Former Democratic congressman Beto O’Rourke, who has emerged as a top funder covering the costs of Texas lawmakers’ exodus, told CNN earlier that he believes they can “stay out long enough to stop this deal in Texas”.

Donald Trump, Texas governor Greg Abbott, and Texas attorney general Ken Paxton are, O’Rourke said, “trying to steal these five seats in Texas because without them Trump’s going to lose a majority in the House of Representatives”.

Without that majority, there’s a check on his lawlessness, accountability for his crimes and corruption, and the possibility of free and fair elections going forward.

The 56 Texas Democrats who left the state are, O’Rourke said, “all that stand between that future and where we are right now”.

I think what they’re doing is the highest form of public service.

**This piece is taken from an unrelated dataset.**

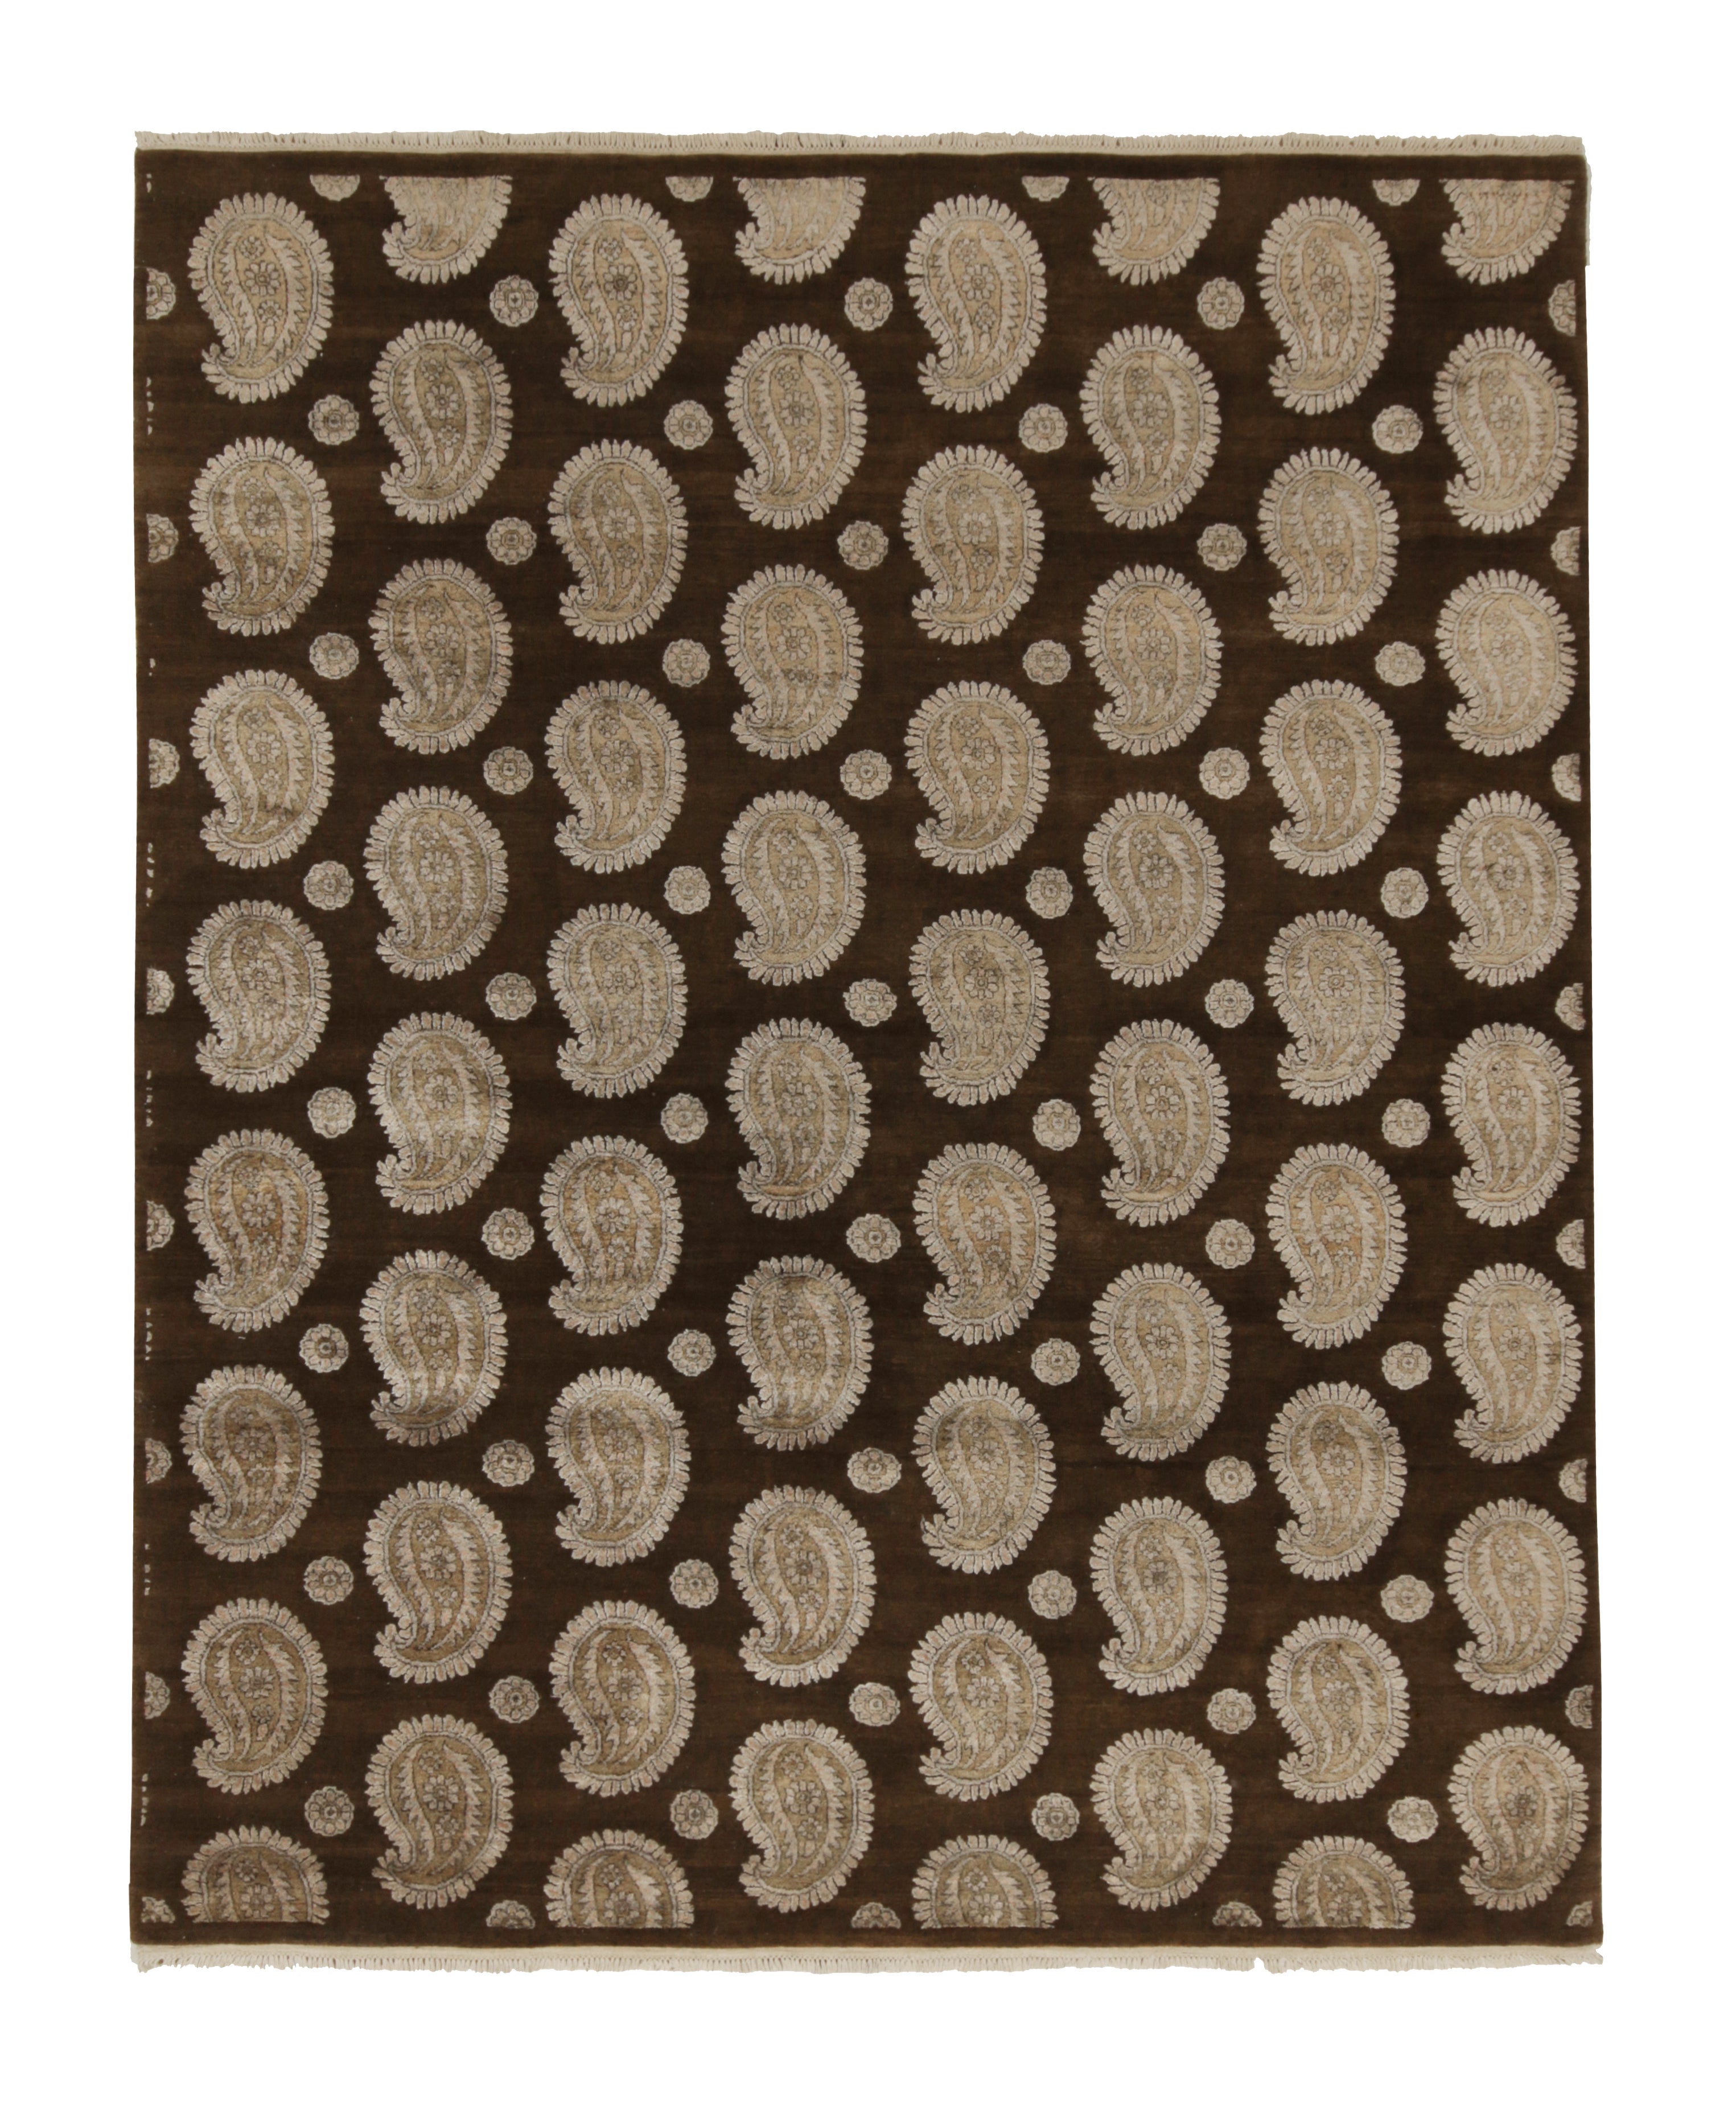 Teppich & Kelim-Teppich im klassischen Stil in Braun mit elfenbeinfarbenen Paisley-Mustern

They’re trying to stop the consolidation of authoritarian power in America.

They are the champions for this democracy, for America, for the rule of law and for our constitution.

Paxton has called their leaving a “dereliction of the duty as elected officials” and said he would pursue a court ruling to declare the seats of “any rogue lawmakers” vacant if they do not return to work at the statehouse by Friday.

“This matters more than any other priority,” said O’Rourke. “We have to stop their power grab.” He added:

The election of 2026 is going to be decided in the summer of 2025, so we have to fight now and every day going forward.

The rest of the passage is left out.